This move toward sedentism was likely a key factor in the increased cultivation of plants. A more settled existence would have fostered stronger community bonds and increased reliance on collective labor for hunting, gathering, and tending crops. Food sharing within the community represents an early form of the reciprocity that became a hallmark of later Andean cultures.

Material culture included tools made from stone and bone, including points and a possible spatula that may have been used in net or textile production. They also utilized organic materials like shell, wood, bamboo, reeds, and bark to make tools and containers.

Burial customs changed significantly. Interments became centralized, occurring only at the two major sites (Sites 80 and 66/67), with remains transported there for burial or reburial. This practice suggests these sites had evolved into base camps and ceremonial centers, while smaller sites were occupied seasonally. The development of stronger community bonds is reflected in these formal burial practices. Most burials show evidence of complex rituals, including primary and secondary interments. In a typical primary burial, a corpse was placed in a flexed position; later, the bones were often exhumed and reinterred in a secondary burial.

== Agriculture ==

Despite the arid conditions and scarcity of surface water, the Las Vegas people were among the earliest in South America to practice agriculture. It did not replace their existing subsistence strategies but complemented a diet based on fishing, hunting, and foraging.

The earliest domesticated crops appear to have been bottle gourd (calabash) and leren (Calathea allouia), a tropical root crop not native to the peninsula, with evidence of cultivation dating to around 7000 BCE. A semi-domesticated variety of squash may have been cultivated even earlier, with phytolith evidence pushing its presence back to 8000 BCE. Perhaps most surprising is the early presence of maize, which originated in Mexico. Archaeological evidence indicates maize was being cultivated in the Las Vegas area by approximately 4600 BCE.

Subsequent research has suggested even earlier dates for plant cultivation. A 2008 study by Zarrillo et al. indicated that agriculture in the region began by approximately 9000 BCE, with maize present by 5500 BCE. As the study states:

"Maize was introduced to Ecuadorian coastal populations already familiar with plant cultivation. At the preceramic Vegas site (OGSE-80), phytolith assemblages, which included bottle gourd (Lagenaria spp.), the root crop llerén (Calathea spp.), and domesticated-size squash phytoliths, were directly dated to 11,210–9,900 cal B.P., with maize present in directly dated phytolith assemblages to ≈7500 cal B.P."

More recently, Piperno has reported dates for maize use by the Las Vegas culture at c. 8053-7818 cal. BP (approximately 6100-5870 BCE), further confirming its early introduction.

===Other early maize in the area===
The route of maize's dispersal in South America remains a subject of scholarly debate, specifically whether it was first introduced and cultivated in the lowlands, mid-elevations, or highlands.

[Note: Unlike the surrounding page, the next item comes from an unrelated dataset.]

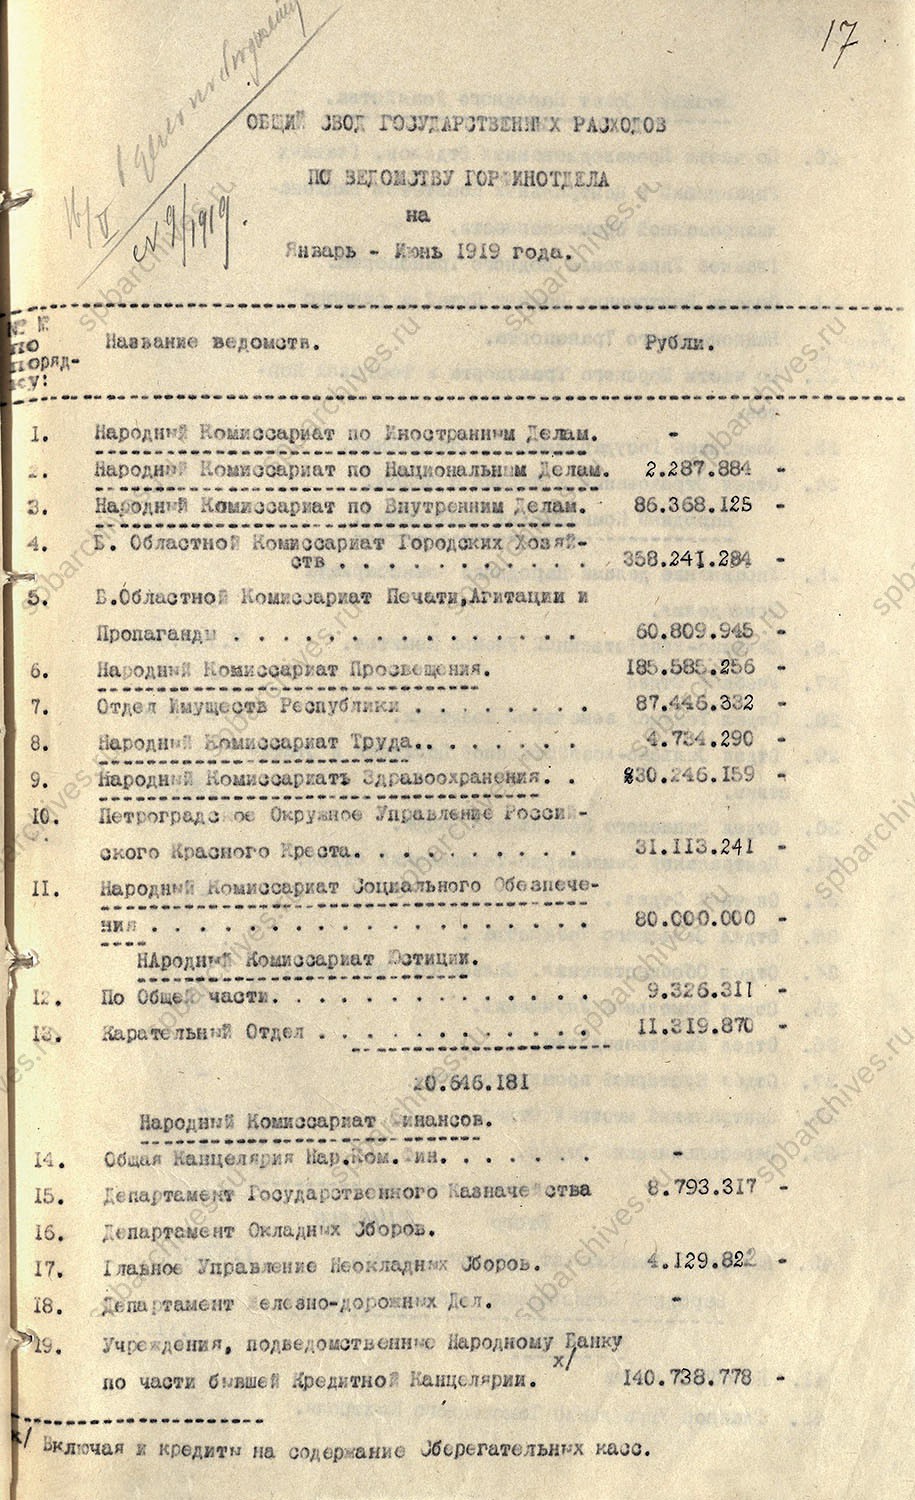 Дело по составлению бюджета г. Петрограда на I полугодие 1919 г. Не ранее 16 мая 1919 г.<br />
<em>ЦГА СПб. Ф.1963. Оп.61. Д.5. Обложка. Л.17-18, 25-28.</em>

Recent findings suggest maize was dispersed into the upper lowlands of northwest Colombia between 8997-8277 cal. BP, and into the mid-elevation forests of the Colombian Andes by 8000-7600 cal. BP.

In the 21st century, investigations at the Cubilán site in the Oña Canton of Ecuador's highlands provided the oldest evidence of maize in the South American highlands. Microbotanical studies recovered maize starches from stone tools in contexts dated to 8078-7959 cal. BP (approximately 6130-6010 BCE).

== End of Las Vegas ==

The archaeological record indicates a hiatus in human presence on the Santa Elena Peninsula for roughly a millennium after 4600 BCE. Around 3500 BCE, the Valdivia culture appears in the same region. The fate of the Las Vegas people remains unknown.